What the task asks:
Repeat the listing that follows exactly. Pictures are not part of the copy.

Dataset section:
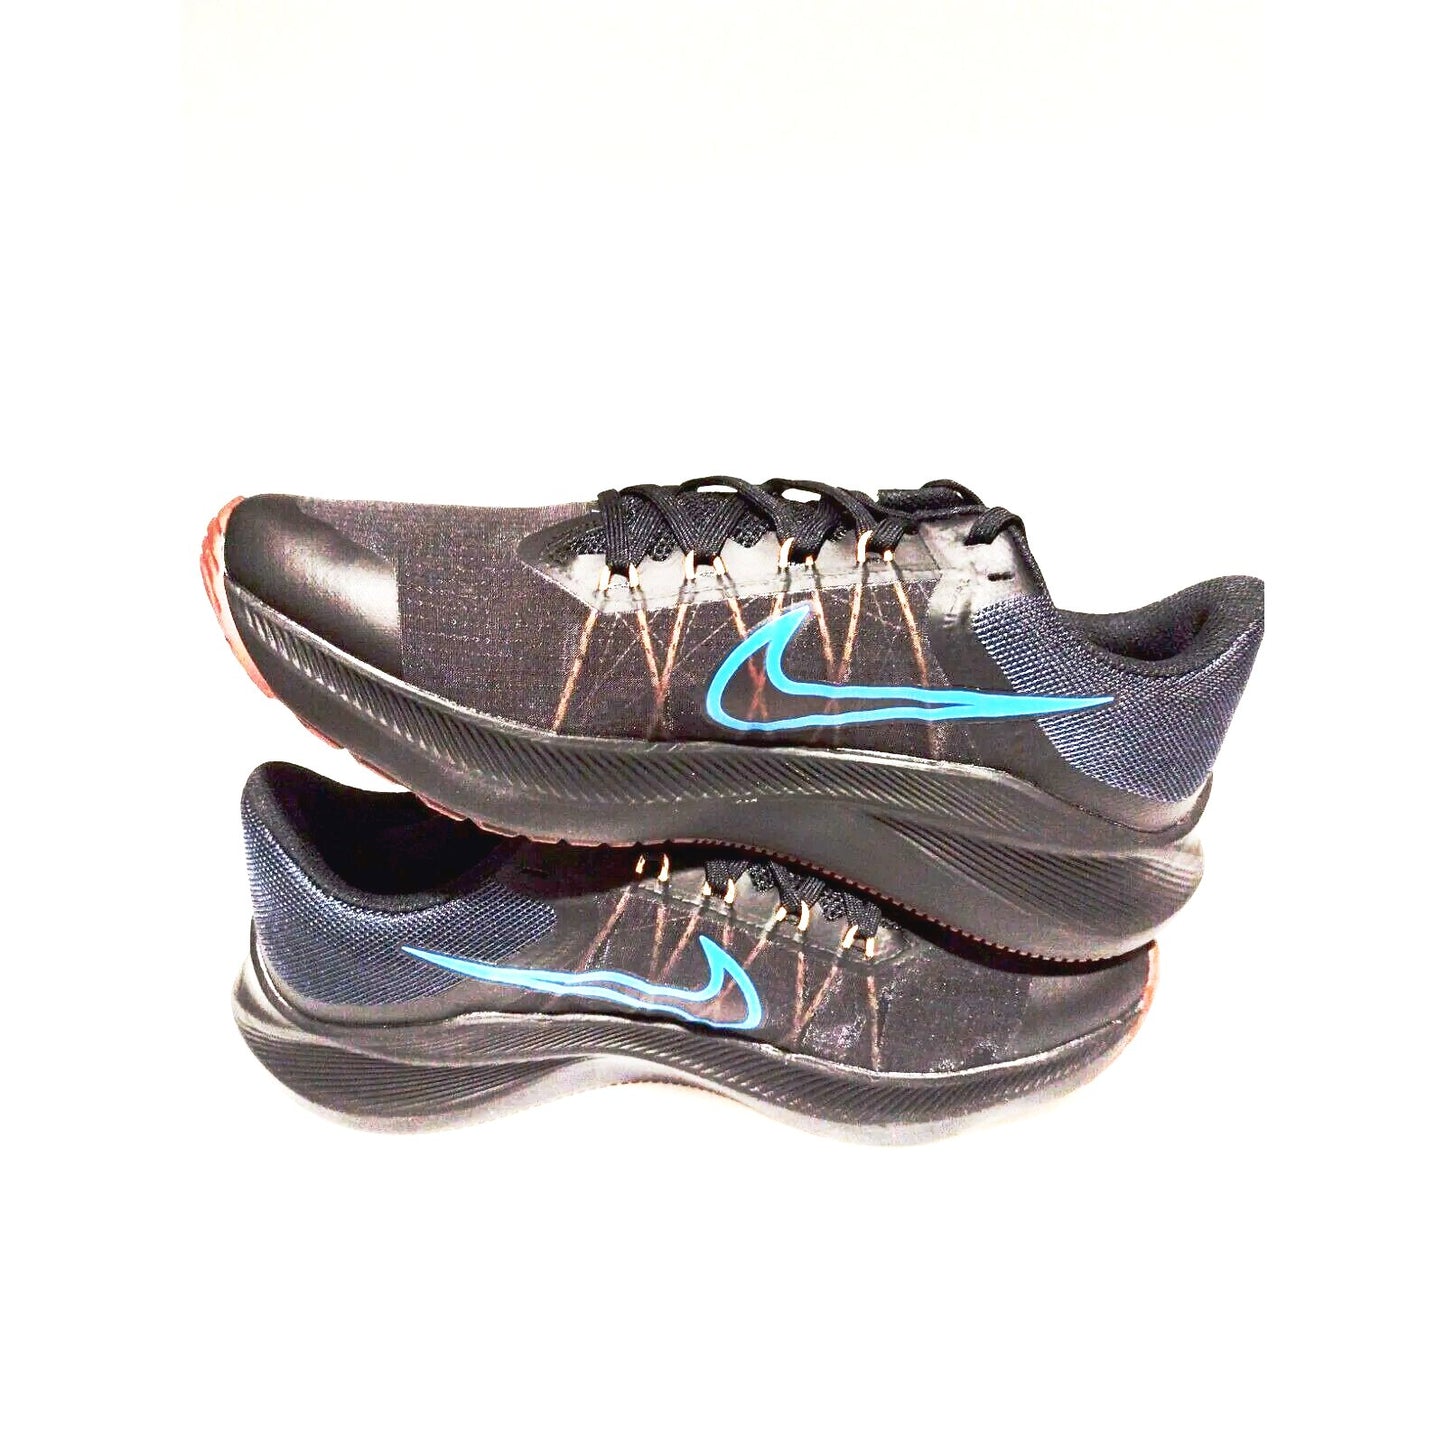 Nike zoom winflo 8 black photo blue running shoes size 11 us men
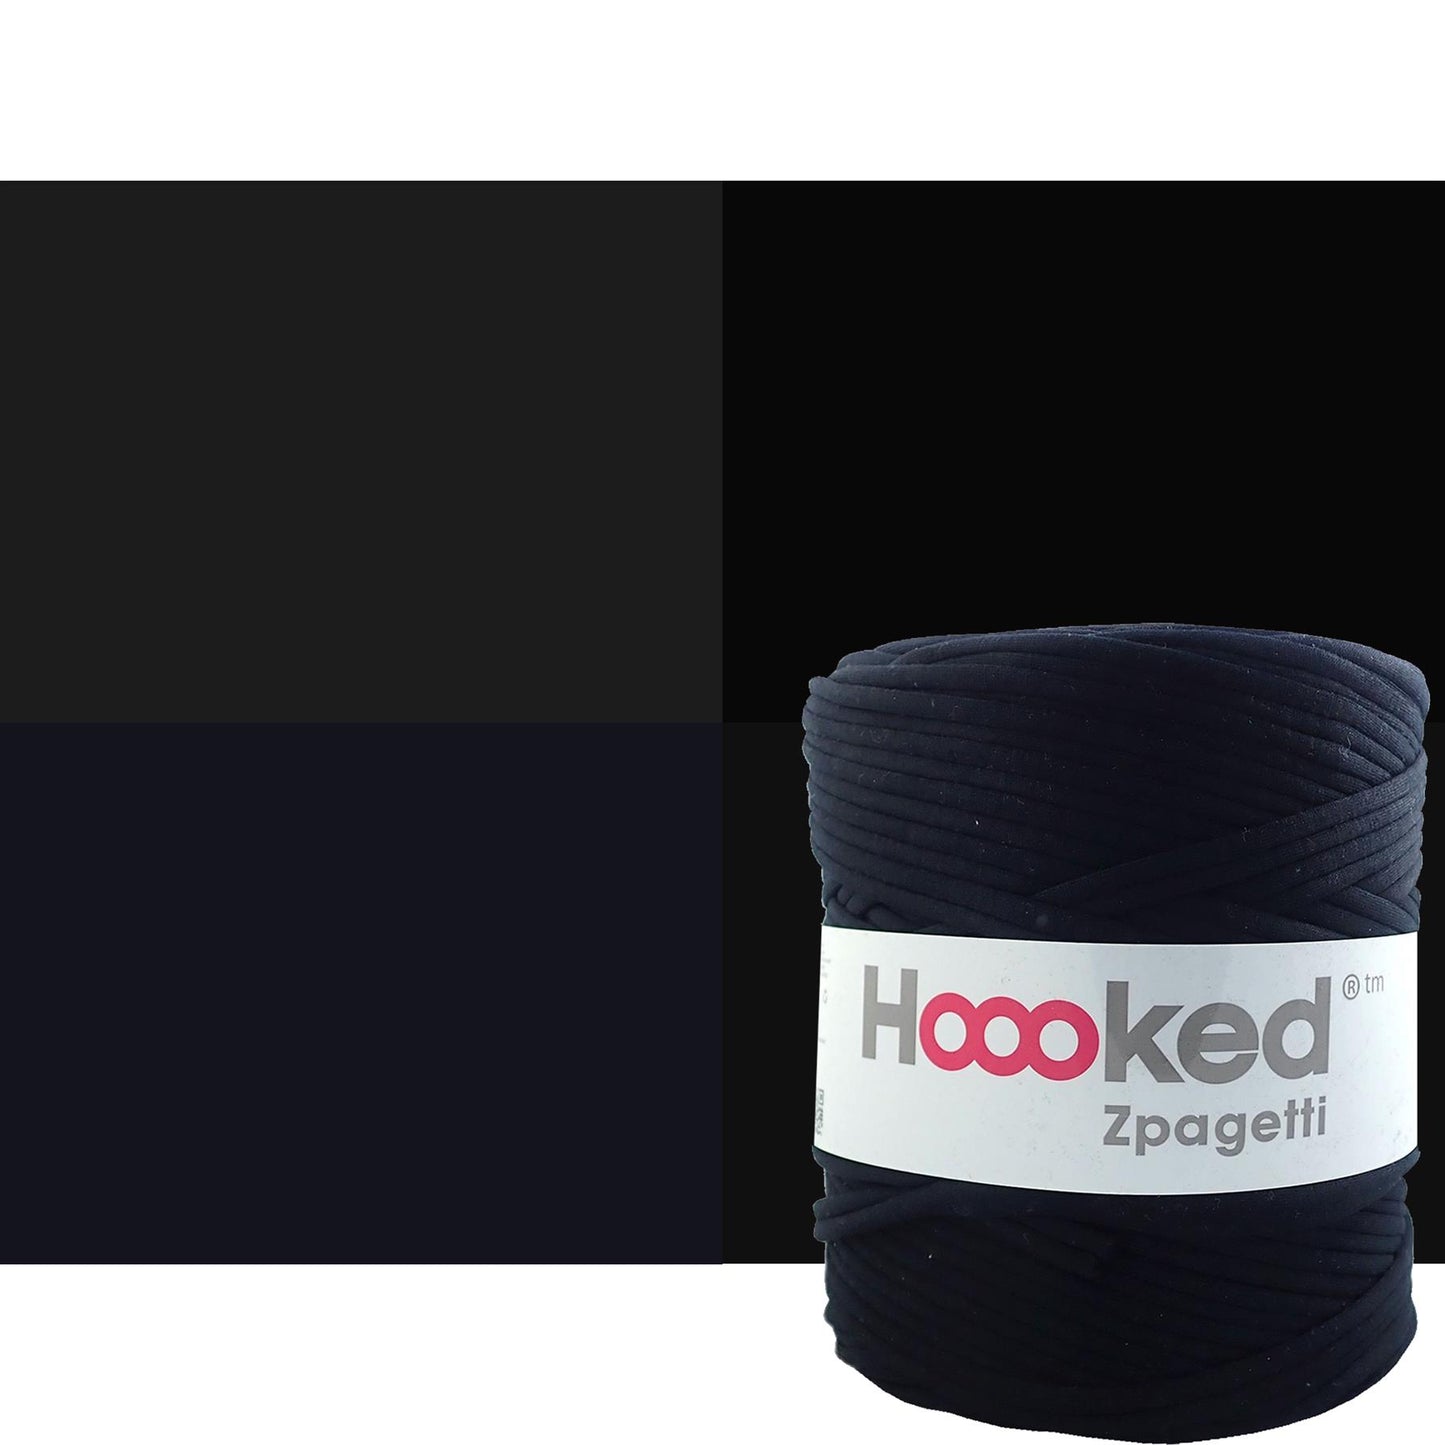 Hoooked Zpagetti Black Cotton T-Shirt Yarn - 120M 700g
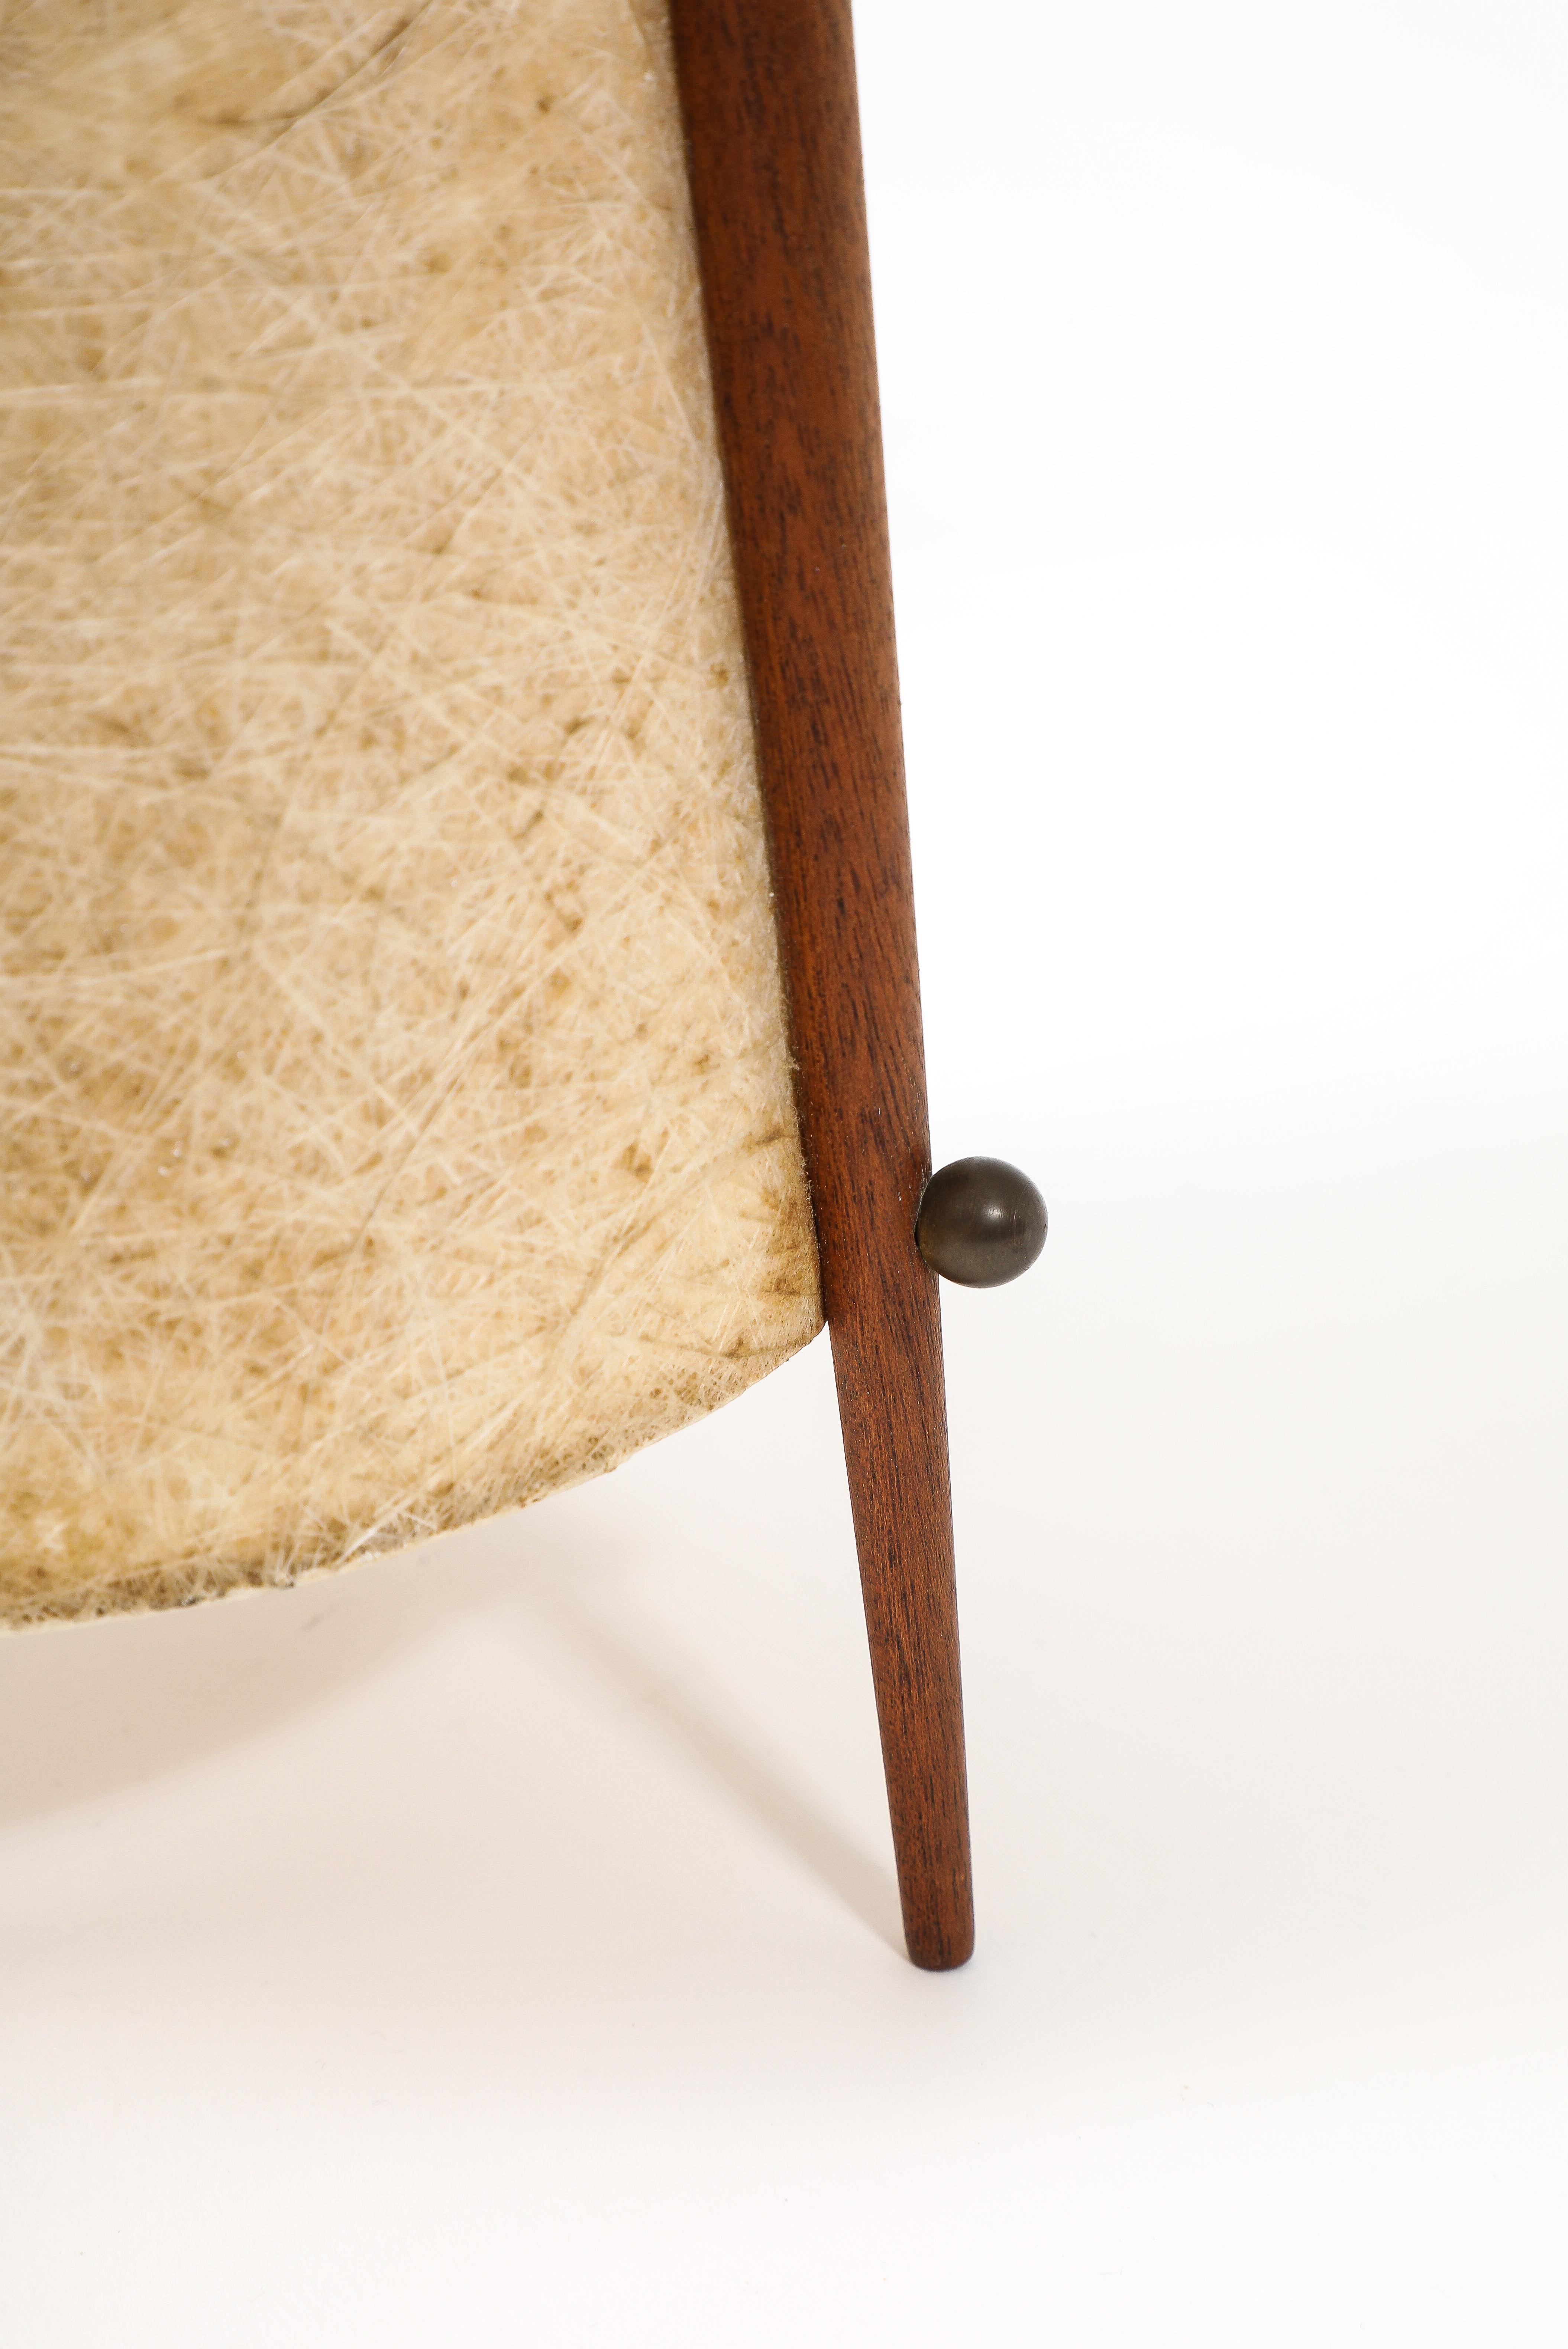 Mid-Century Modern Scandinavian Tripodal Teak & Paper Conical Table Lamp For Sale

Worked solution:
 Nike zoom winflo 8 black photo blue running shoes size 11 us men
 Hoooked Zpagetti Black Cotton T-Shirt Yarn - 120M 700g
 Mid-Century Modern Scandinavian Tripodal Teak & Paper Conical Table Lamp For Sale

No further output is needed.